## EXERCISE BRIEF
Reproduce exactly the lines from the one containing "A single Chocolate" through the end of the listing, minus the pictures.

## DATASET CONTENT

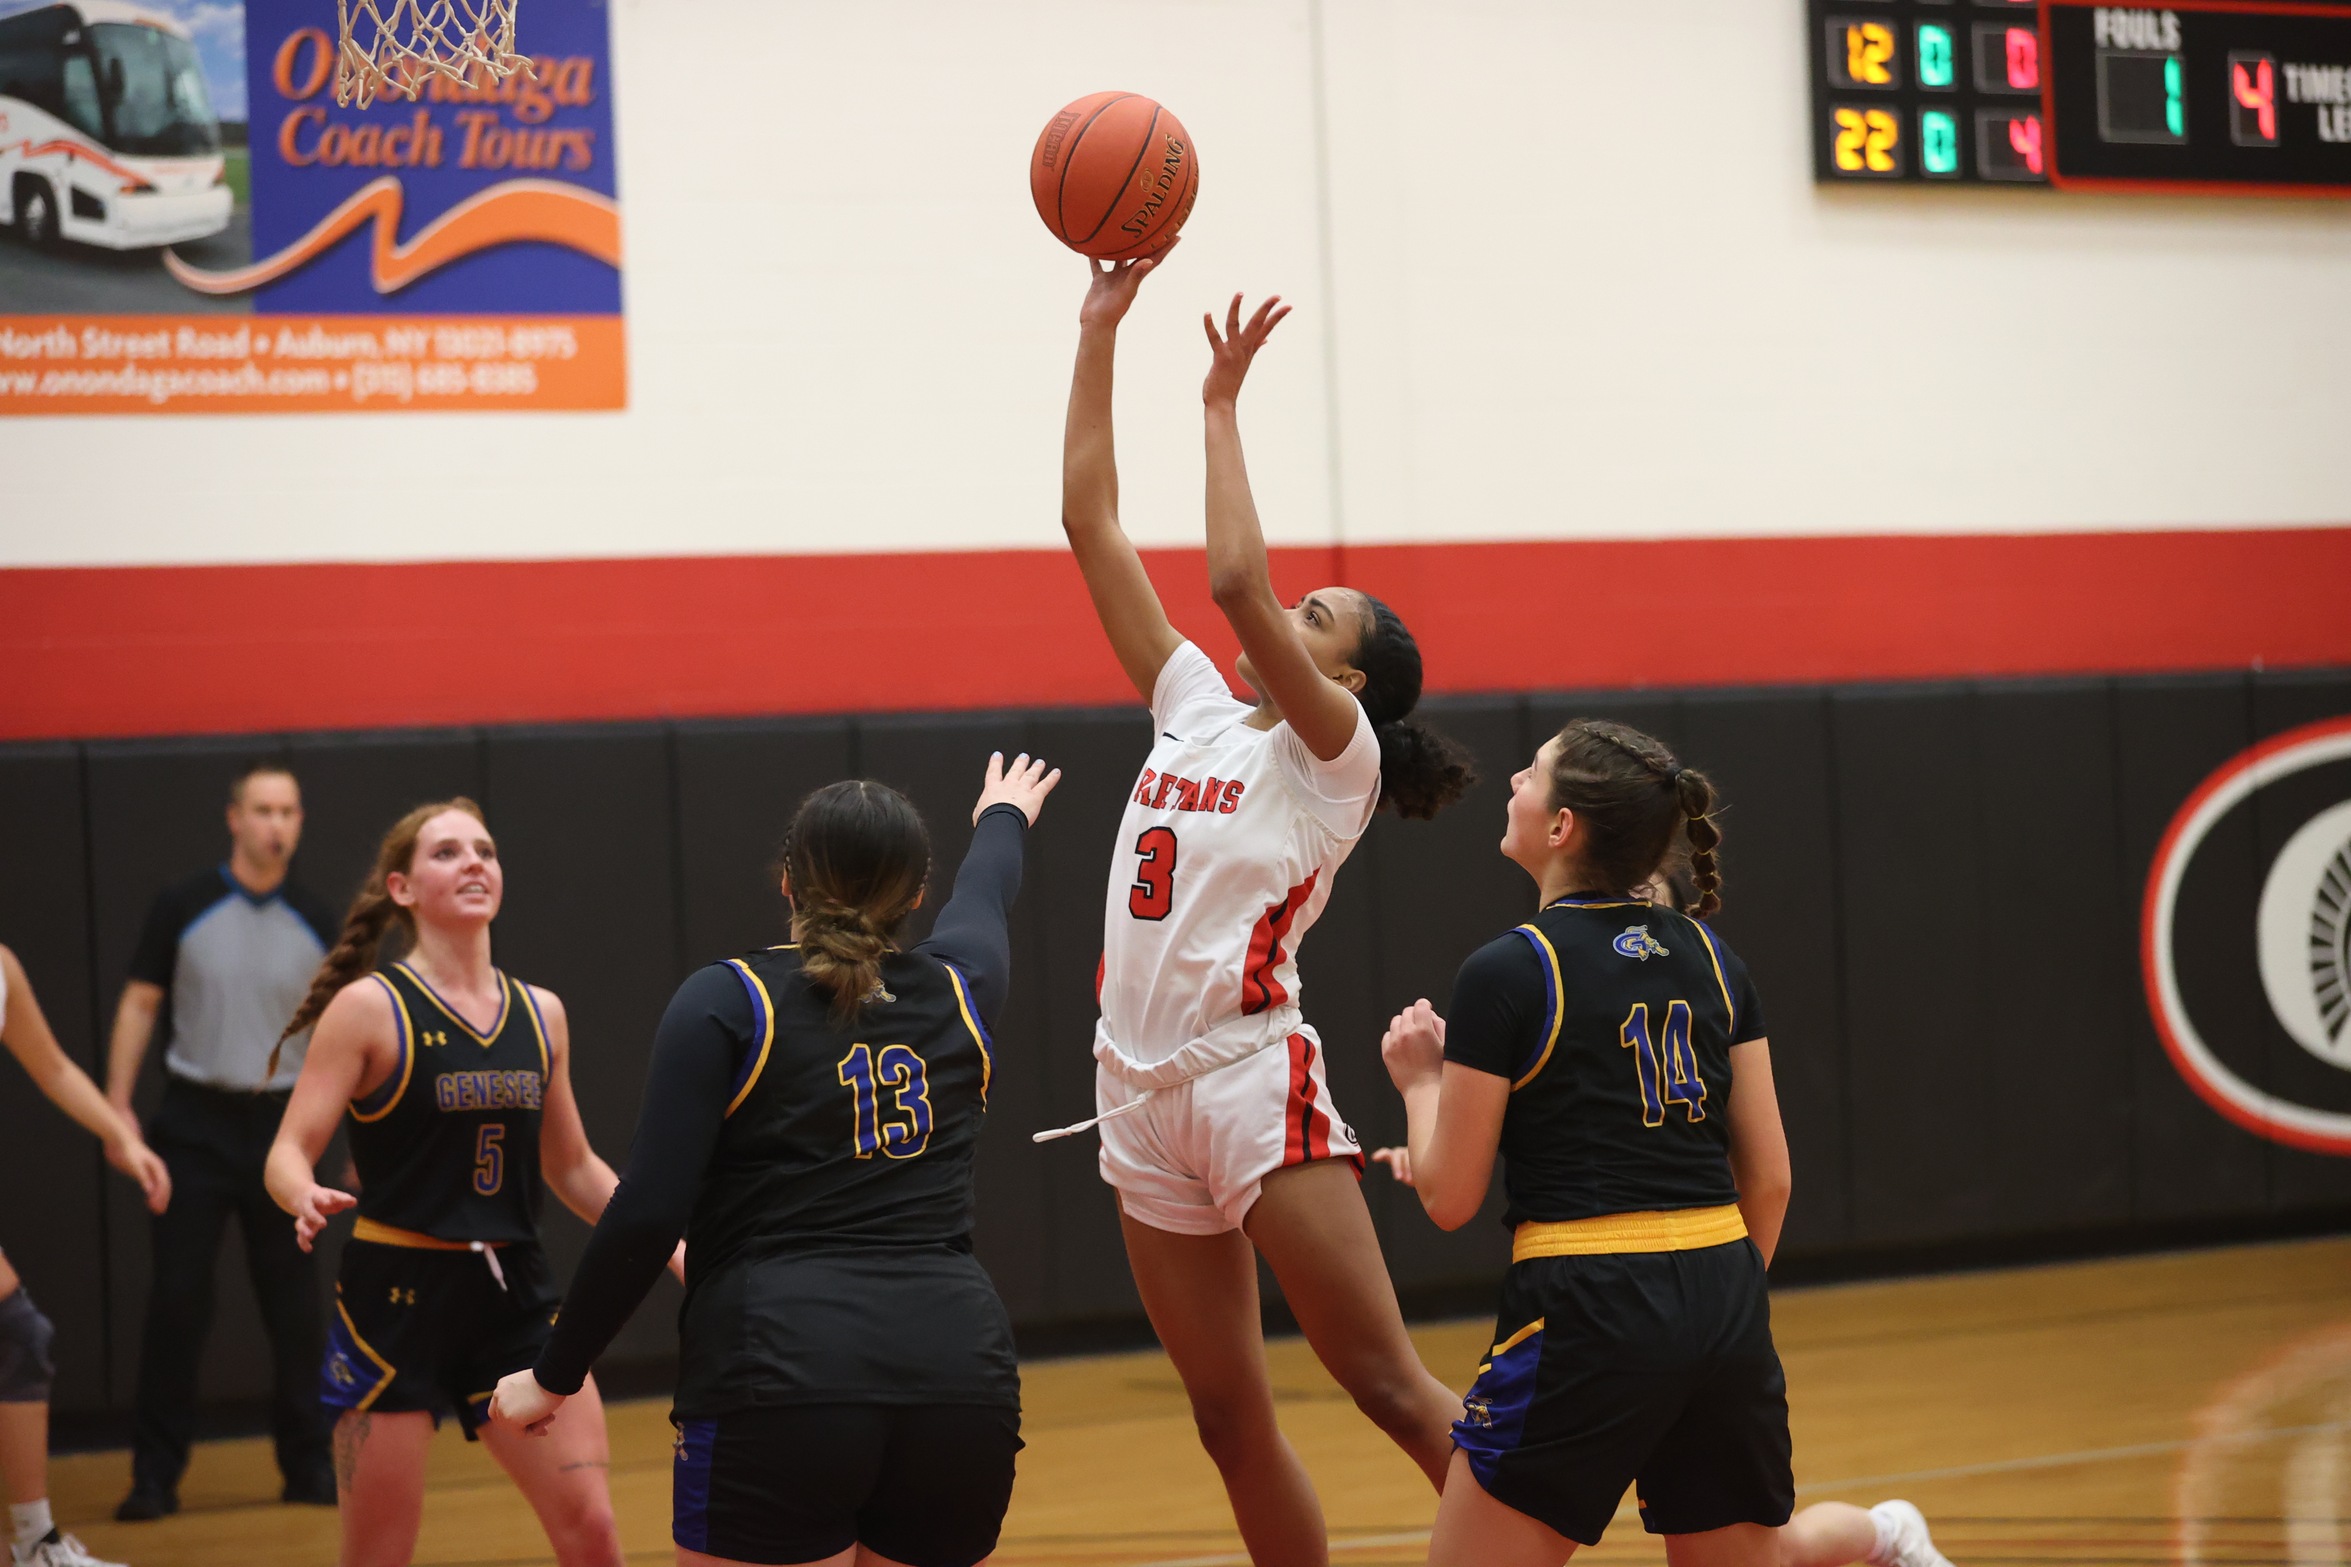 Lamontiona Johnson had 19 points in a home loss to Hudson Valley CC on Saturday.
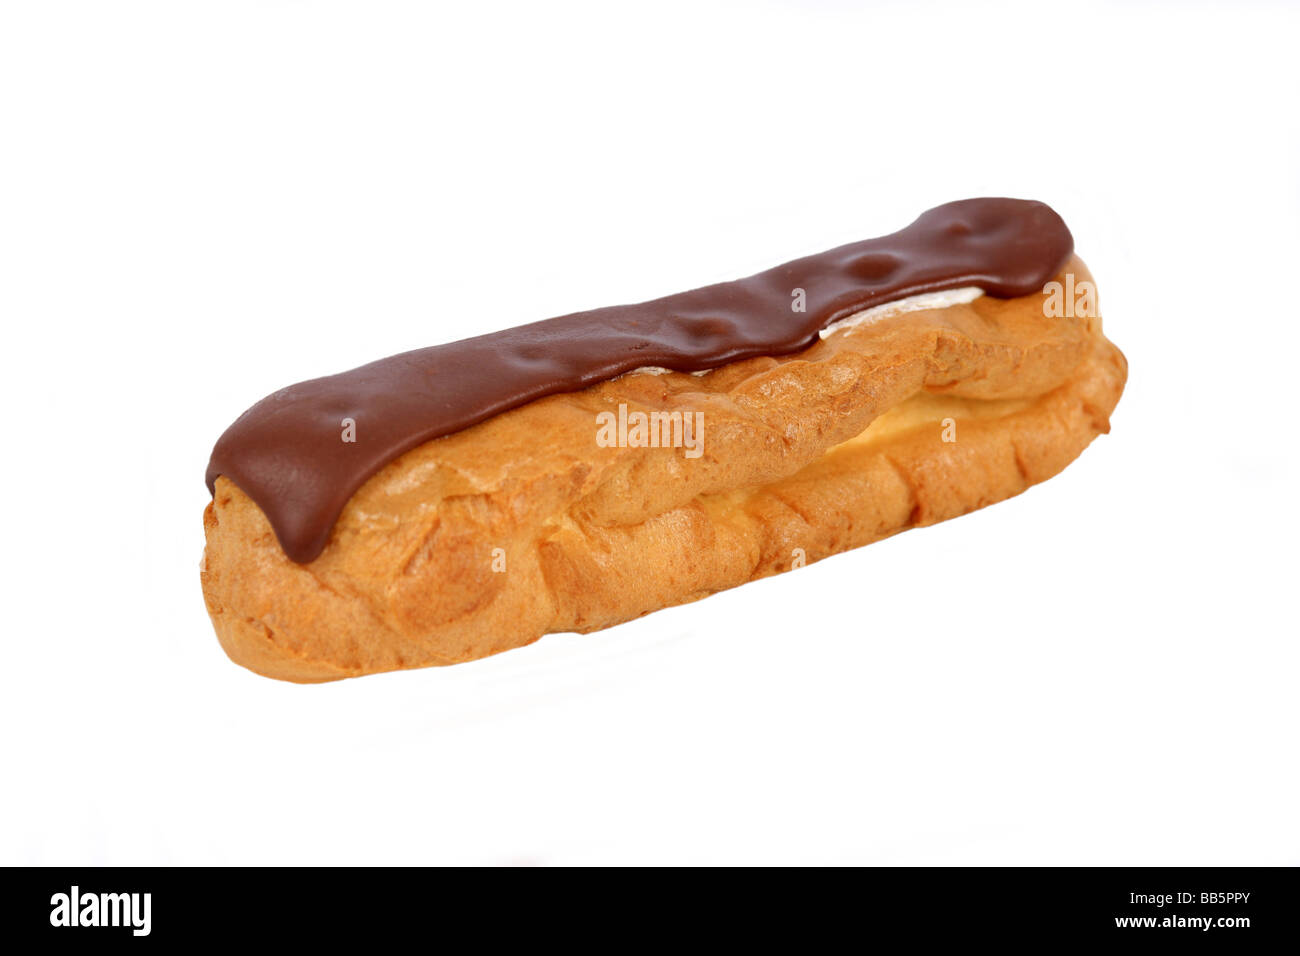 A single Chocolate Eclair against a white background Stock Photo
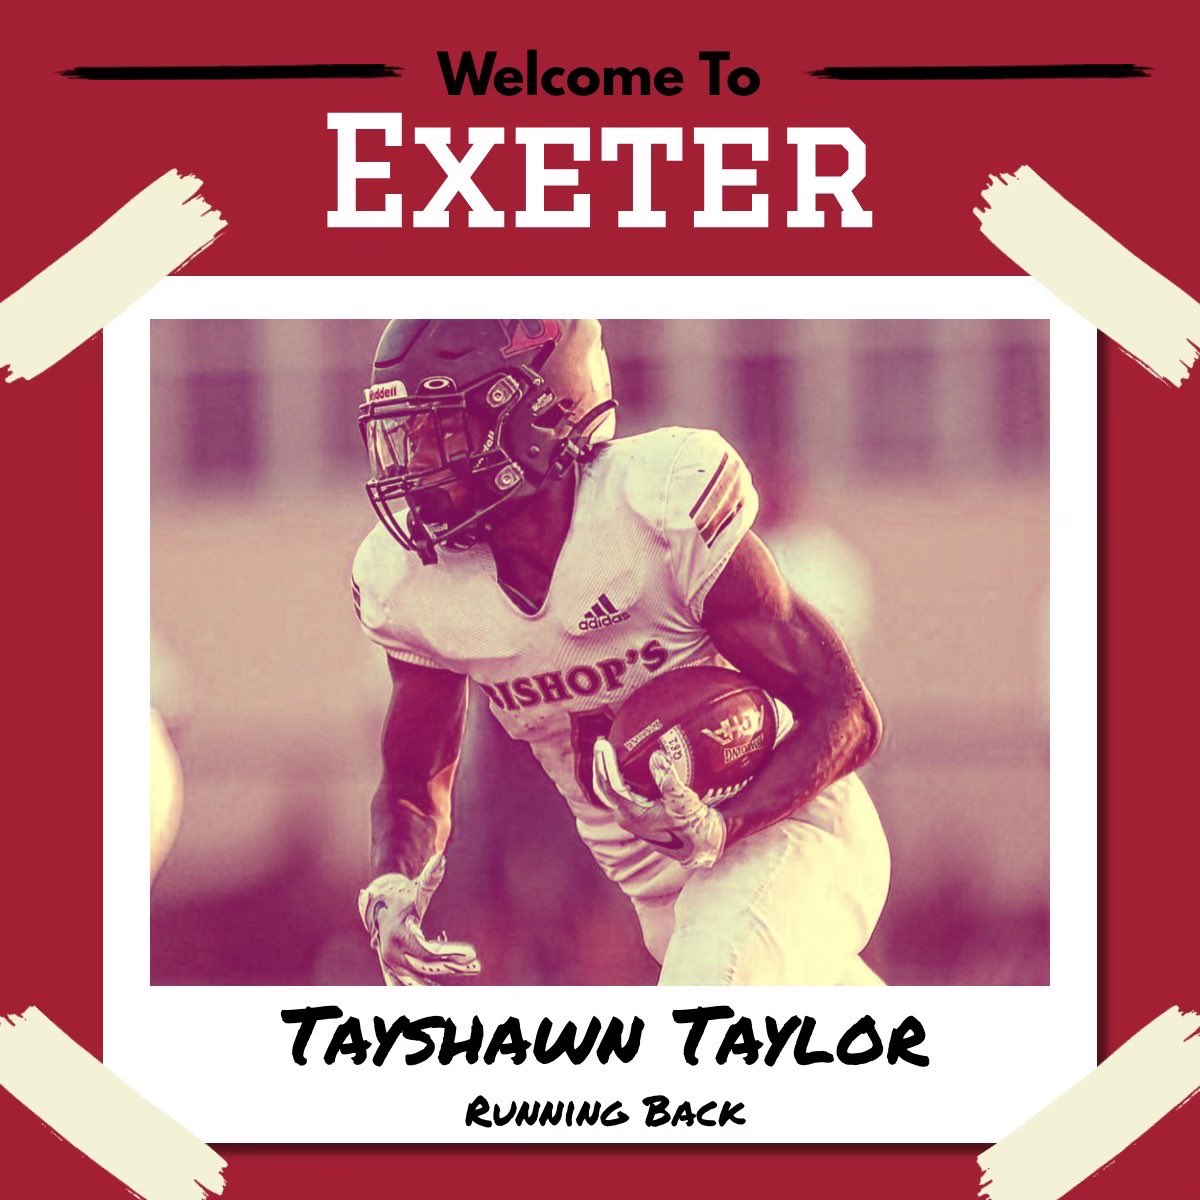 I have decided to take a post grad year at Exeter and reclassify to the class of 2025. Thank you @BishopsFootball for the last 4 years and thank you to @CoachV1781 and @PEAFootball for this amazing opportunity

## RESULT OF THE TASK
 A single Chocolate Eclair against a white background Stock Photo
 I have decided to take a post grad year at Exeter and reclassify to the class of 2025. Thank you @BishopsFootball for the last 4 years and thank you to @CoachV1781 and @PEAFootball for this amazing opportunity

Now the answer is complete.